-- Input data follows --

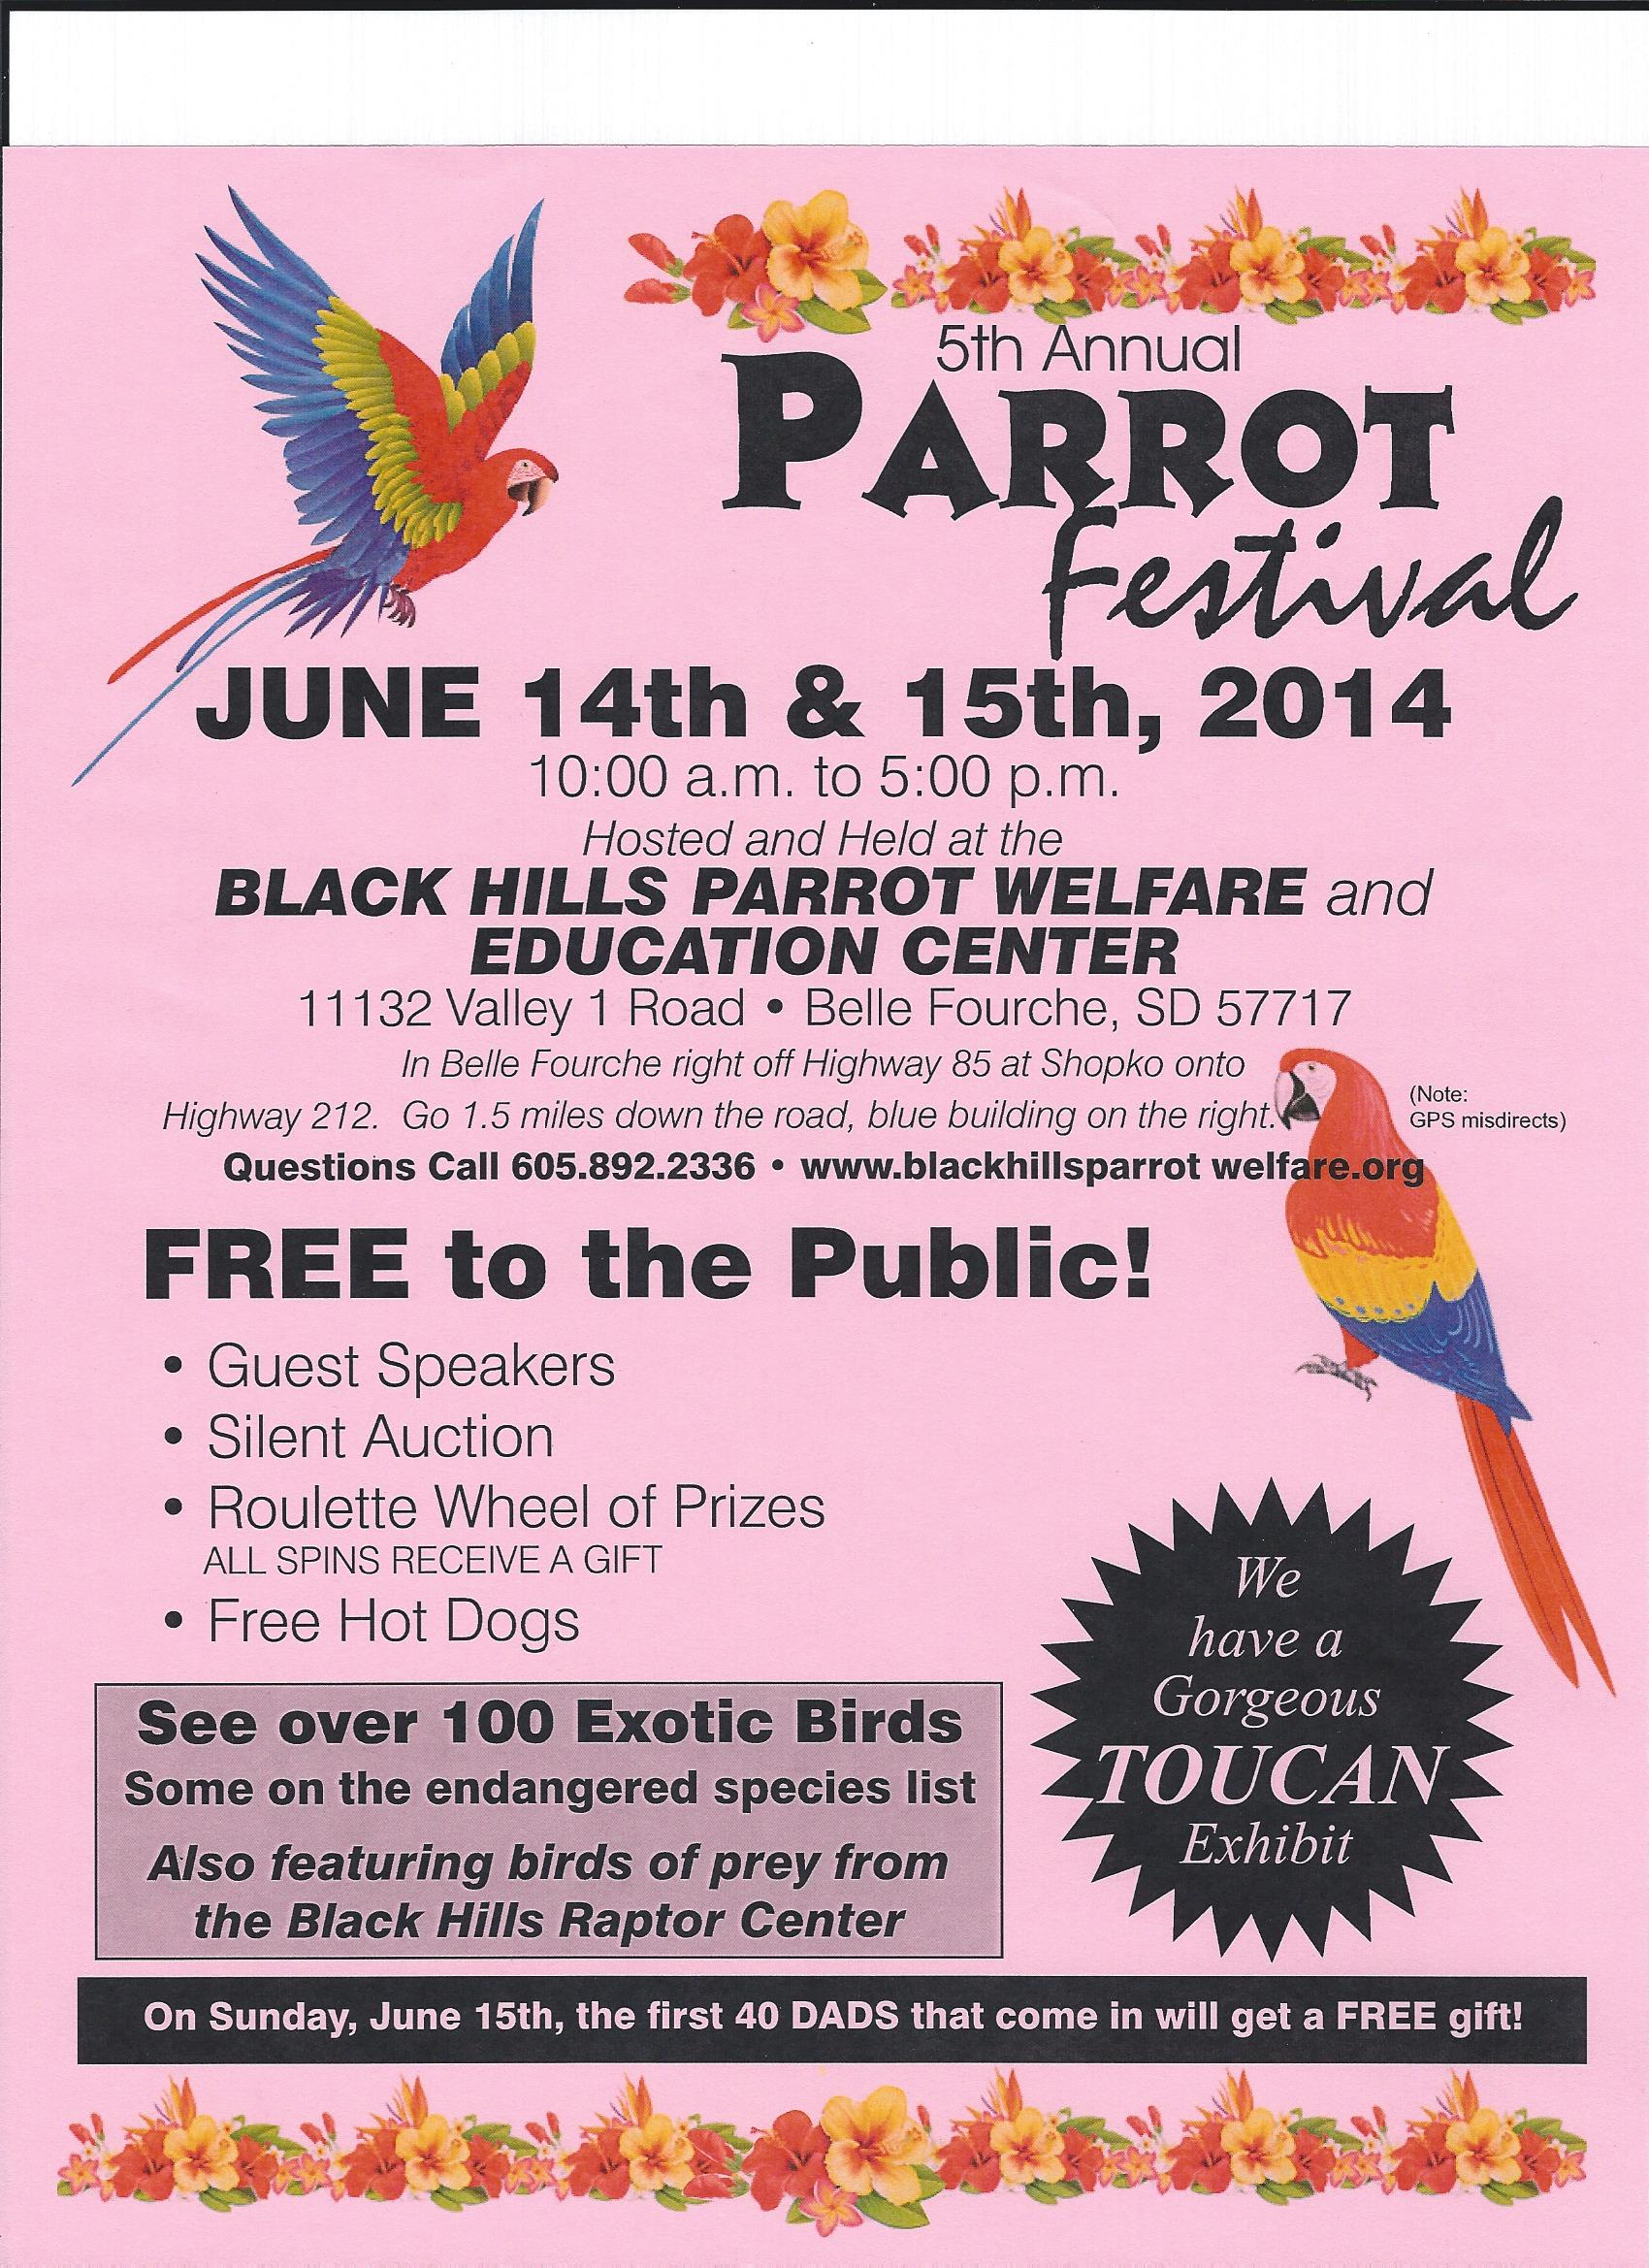 Public Invited To Flock To Parrot Festival Fundraiser SDPB Radio
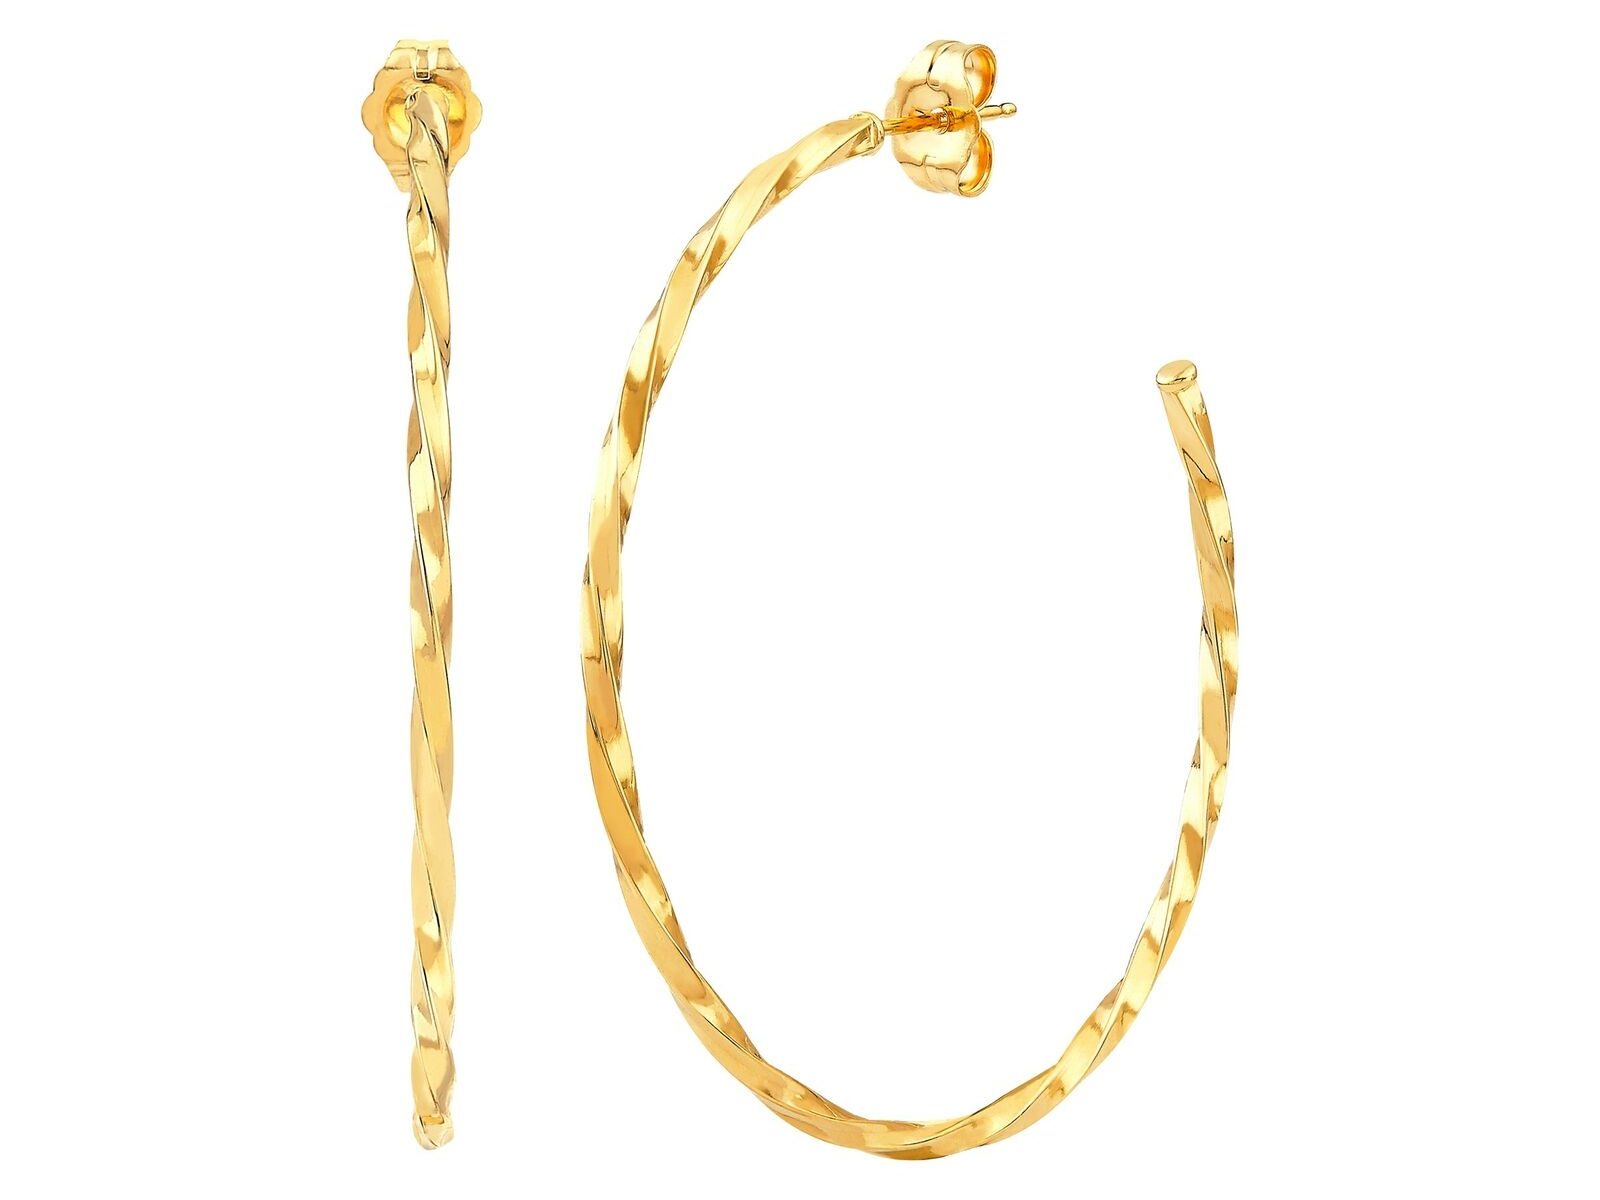 40 Mm Round & Twisted C-Hoop Earrings in 14K Gold
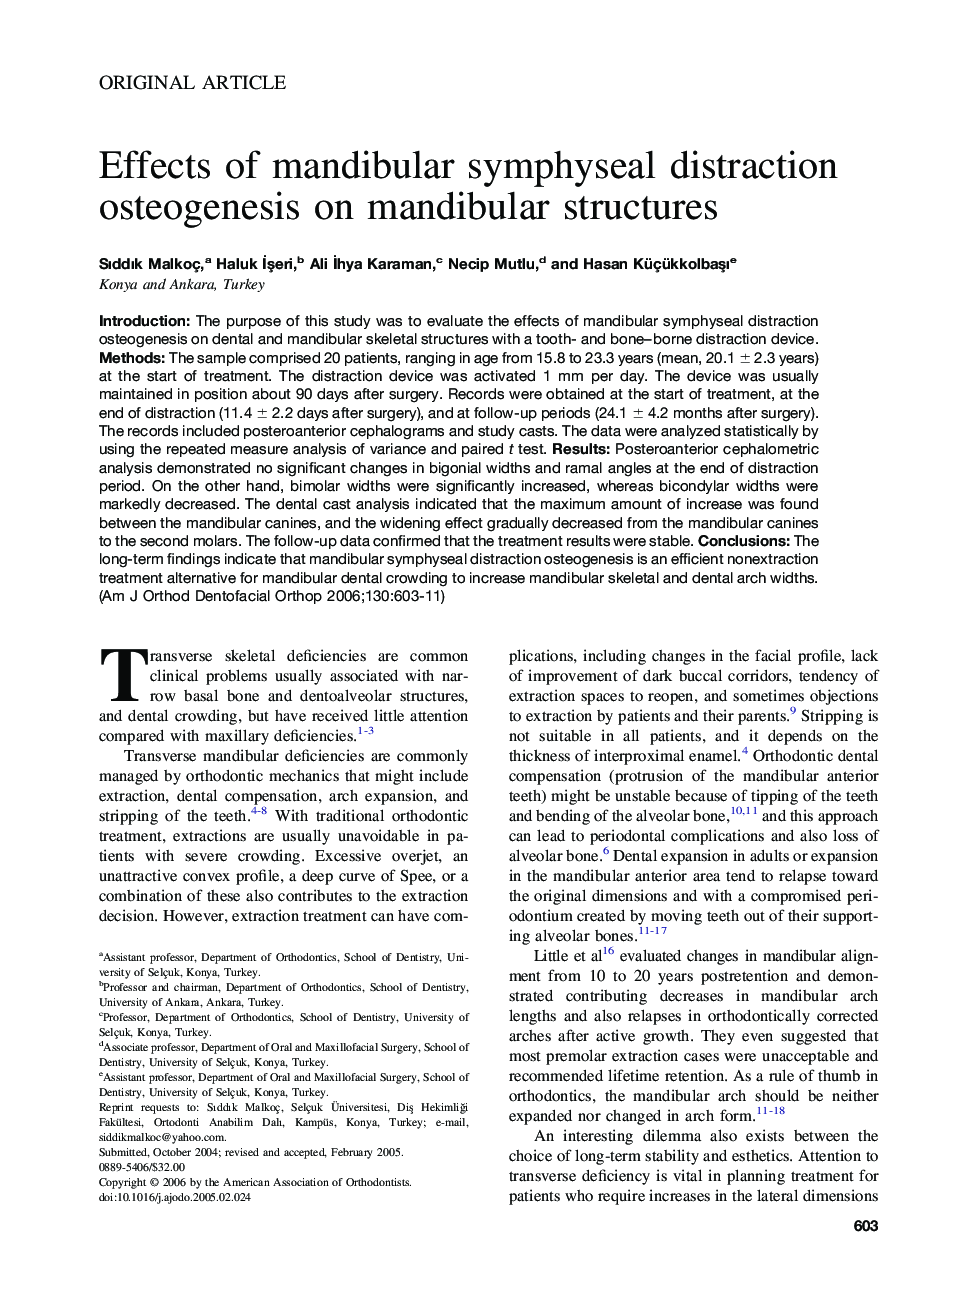 Effects of mandibular symphyseal distraction osteogenesis on mandibular structures

-- Input data concluded --

Write out the whole listing again, exactly, with no pictures.

 Public Invited To Flock To Parrot Festival Fundraiser SDPB Radio
 40 Mm Round & Twisted C-Hoop Earrings in 14K Gold
 Effects of mandibular symphyseal distraction osteogenesis on mandibular structures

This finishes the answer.